Properties with un-consented building work, complete do-ups and houses with structural problems will be the hardest to sell this year – and cause headaches for both the seller and the listing agent.

With an abundance of properties for sale in many regions, buyers will have the pick of the crop. Agents believe buyers will be looking for homes that require very little work, if at all, have all the paperwork up-to-date and are ready to show.

Harcourts Glenfield agent David Ding says the homes more likely to fly off the shelf this year will be ones that are completely done up to a high standard.

“If you gave me a fully renovated home, you would make my job much easier. But I fully appreciate and understand it’s impossible to find a perfect tradesperson to do a good job at a certain period of time.”

Failing a major renovation, making sure the home is tidy and well-presented will also help.

Rather than homeowners shelling out $70,000 to replace the kitchen, Ding said the seller could just spend a few thousand dollars and make a few changes such as replacing the bench top, spray painting the cupboards and switching the handles to make the home more appealing.

“It’s all about effort this year,” he says.

Houses with unconsented construction, title issues or in poor condition will struggle to sell this year. Photo / Getty Images

With lending tight, buyers are also struggling to borrow for renovations which is why people are favouring buying a house that’s already been done, he said.

“What I find the most challenging to sell is the property has not been tidied up or presented well.”

Older houses with larger sections over 600sqm that previously attracted developers and ex-rentals that have had nothing done to them could struggle to sell unless priced realistically.

In Wellington, Tommy’s real estate agent Jason Lange agrees that houses with larger 1500sqm-plus sections won’t get much interest until later this year or early 2024 when developers are ready to buy again.

Instead, well-presented, fully or mainly renovated family homes with three bedrooms and a study or four bedrooms in sought-after suburbs such as Hataitai, Island Bay, Mount Victoria and parts of Berhampore will be more of a breeze to sell as people are still looking to trade up.

“Big-ticket items such as roofing, foundation work and removing walls – that sort of thing – people are certainly trying to shy away from at the moment, but [are] happy to do that cosmetic stuff where ... the walls need to repainted, potentially floor sanded or new carpet being put down – quite happy to put that down.”

However, a property needing lots of work could find itself a buyer, Lange adds, if priced well.

Harcourts agent Zani Polson says do-ups in the lower end of the Christchurch market are still selling because some people are realising it’s all they can afford.
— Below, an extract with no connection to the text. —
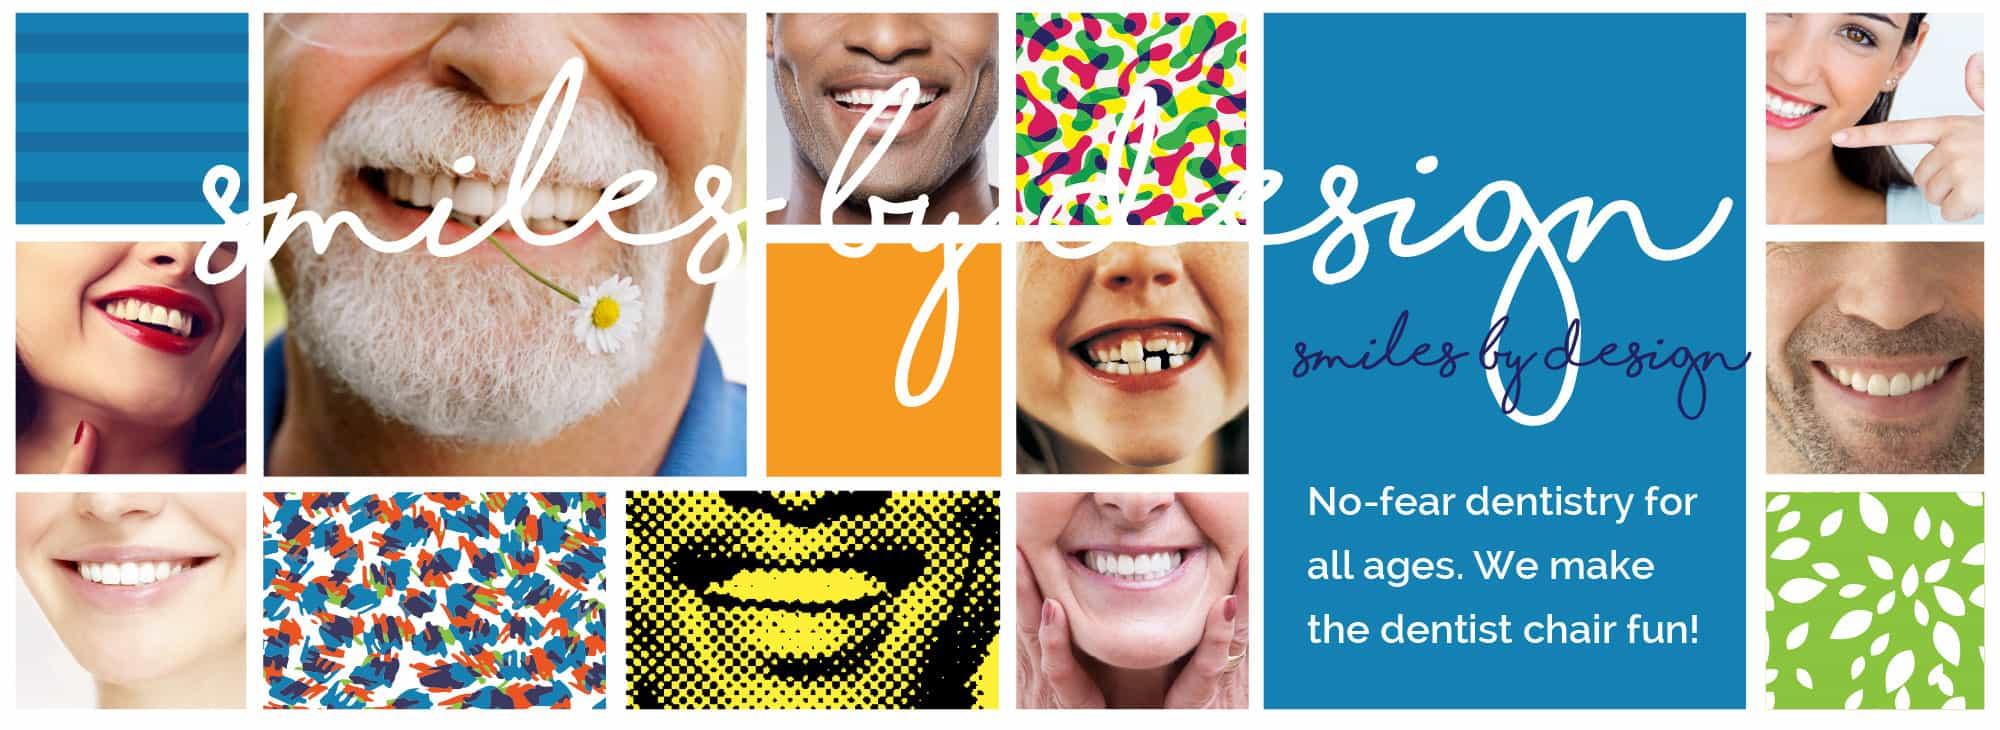 home-headerlarge_02-family dentist wichita-Kristyn Barker-Smiles by Design-Wichita, KS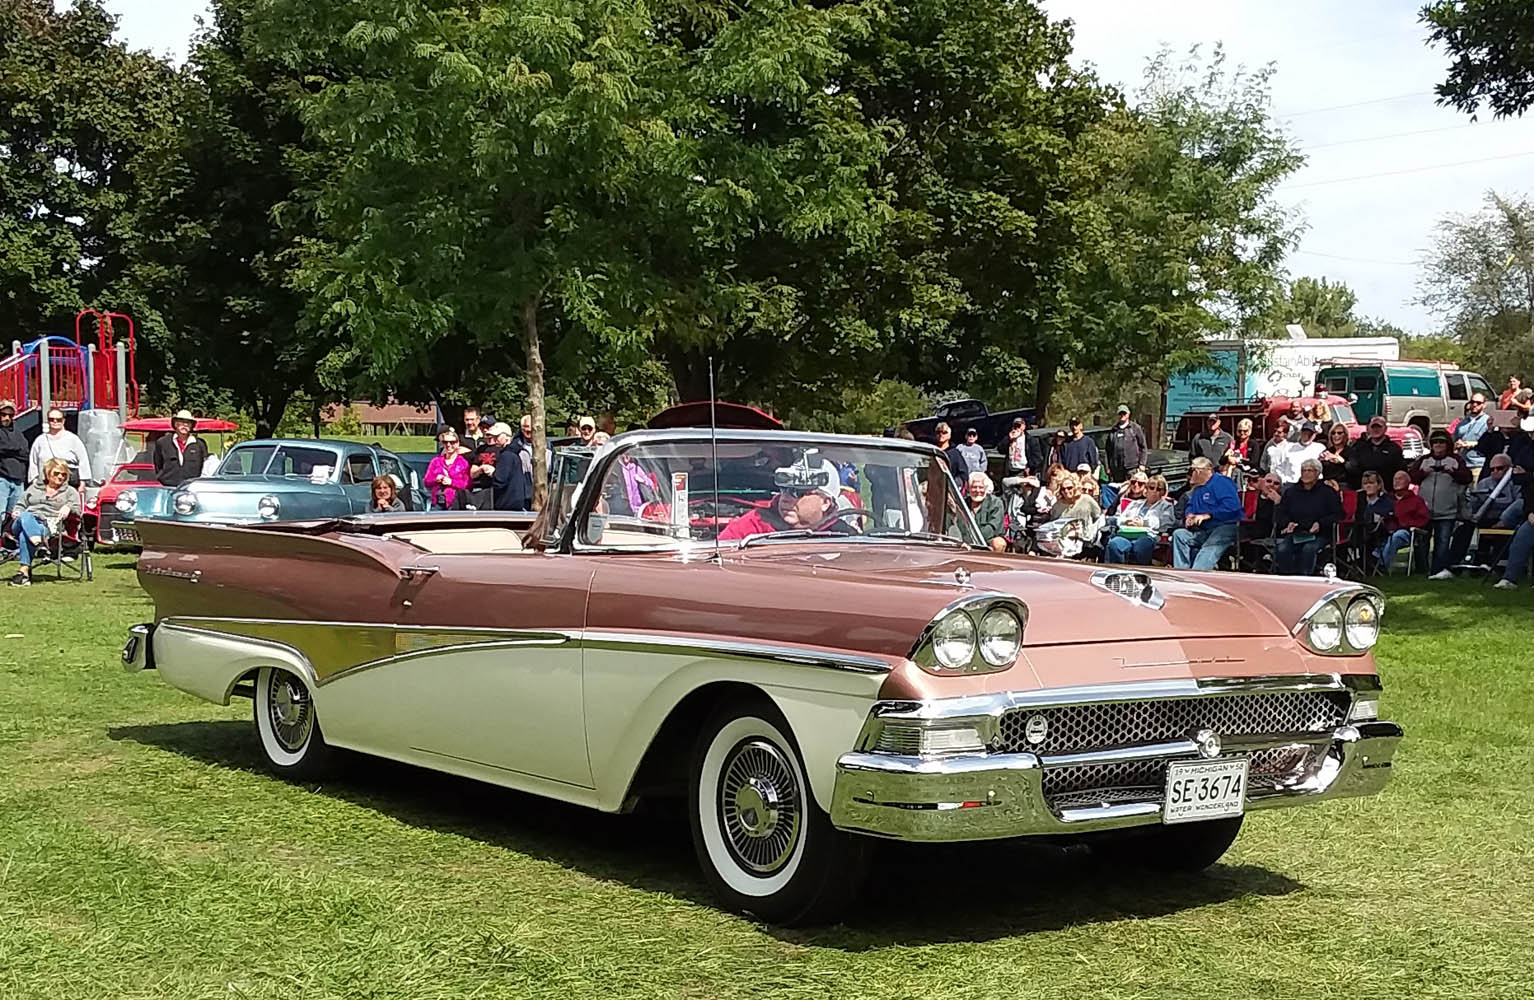 Top 25- 1958 Ford Skyliner, Brad Notter 1

“Those parties who just don’t have the funds to buy something that is completely renovated, they’ve gone, ‘ok what can I buy?’ and have said, ‘I will buy this and at some point in time I will have to do the renovation myself or have a little bit of funds put aside in order to do that’.”

The houses that will sell more quickly will have the least amount of headache and be priced realistically, she says.

“They will have all their paperwork in play – LIM, title all that sort of stuff. But equally they will have all the documents – if there have been renovations, they will be the ones that have the paperwork to support that. They will be the ones that [buyers] will be confident on and people will move forward on.”

Properties with unconsented spaces will find it much harder to get traction.

“If buyers are OK with it that’s fine, but the banks will run scared or the lawyers will say there’s a better buy out there for you, you don’t need to take on this headache," she says.

Bayleys Christchurch general manager of sales Rachel Dovey says having a clean and tidy property will help it sell, but homeowners should stop short at taking out walls to provide additional space because this could result in the property not complying with council regulations and actually make it harder to sell.

However, regardless of the property, most agents agree the price of the property will be key to it selling this year so vendors need to be realistic and accept that unless they’ve purchased in the last two years, they won’t be losing money.

CoreLogic NZ property economist Kelvin Davidson agrees, saying that what people can pay for a property depends largely on the rising interest rates and whether the banks will let them.

“A big challenge for people wanting to buy is getting a mortgage and getting a mortgage they can actually afford in terms of interest rates.”